The more accurate way to detect appropriate payments by a particular carrier is to evaluate a write-off report by carrier. The contractual obligation write-off for each code for each patient should be the same within each carrier. If it’s not, you will be able to easily identify posting errors made by the billing department.  

 

Back to basics

The first step in negotiating with a payer is to find existing copies of your contracts. If you can’t find these documents, request copies from your carriers. Then, once in hand, review the contracts for pertinent points, such as reimbursement rates, timely filing and payment parameters, and miscellaneous J-code billing procedures. 
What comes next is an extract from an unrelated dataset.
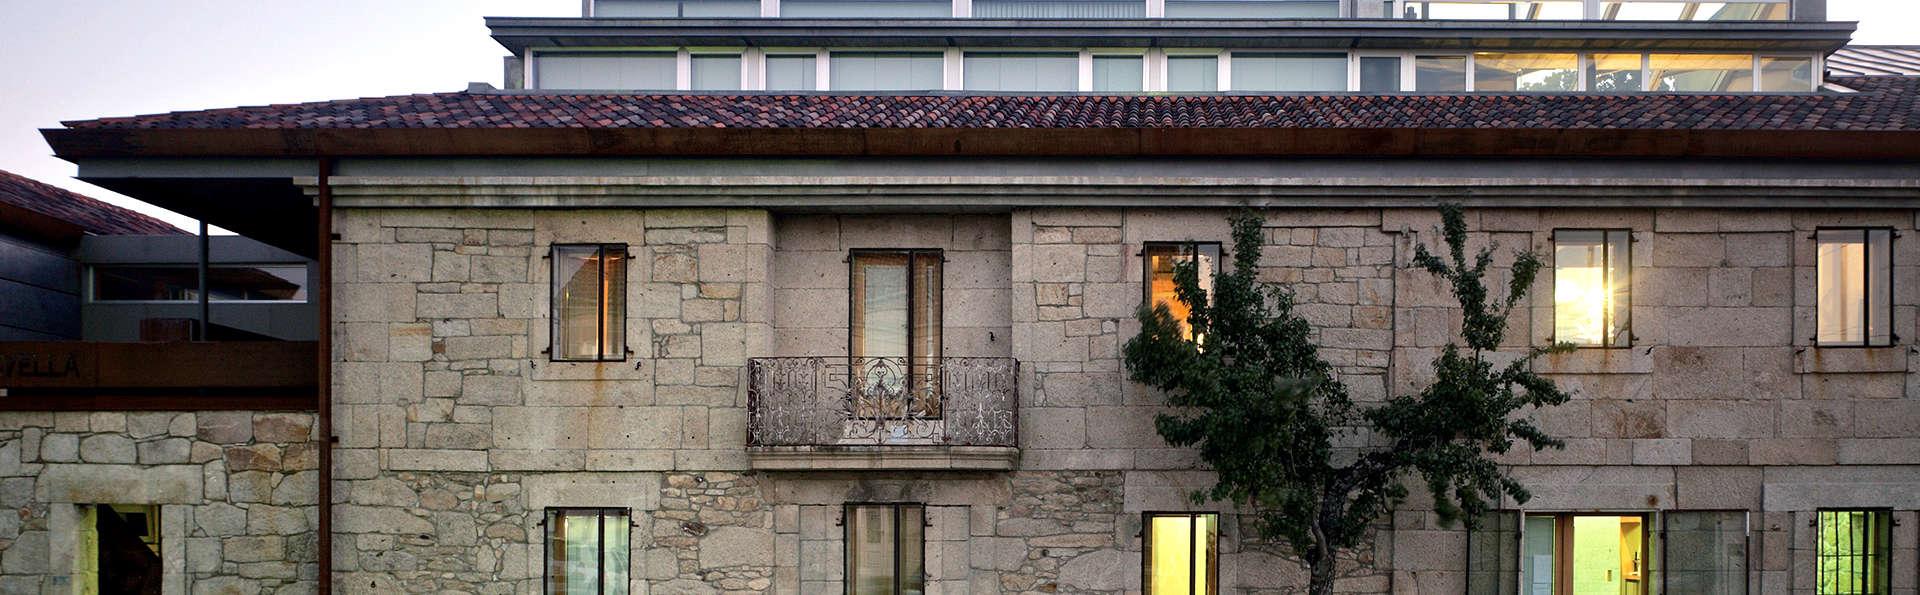 Hotel Spa Vilavella - Edit_Front3.jpg

It’s imperative to know the contract language regarding miscellaneous J-code billing. Common verbiage may read, “Services not listed in the Medicare RBRVS are not to exceed 50 percent of billed charges,” or something similar. That means if you purchase a drug for $1,000 and charge $1,300, you will only receive $650 from the carrier, resulting in a significant loss each time you use a new drug with an unassigned J-code. After the fact, there is very little you can do fix that.

 

Bottom line

The success of negotiating contacts with payers is relative and can’t be measured simply by what numbers end up in the agreement. Identify your ultimate goal before you negotiate by first analyzing all aspects of the contract and the impact adding or removing payers will have on the clinic. Highlighting the value your practice adds to the payer is just as important as the value the payer adds to your clinic.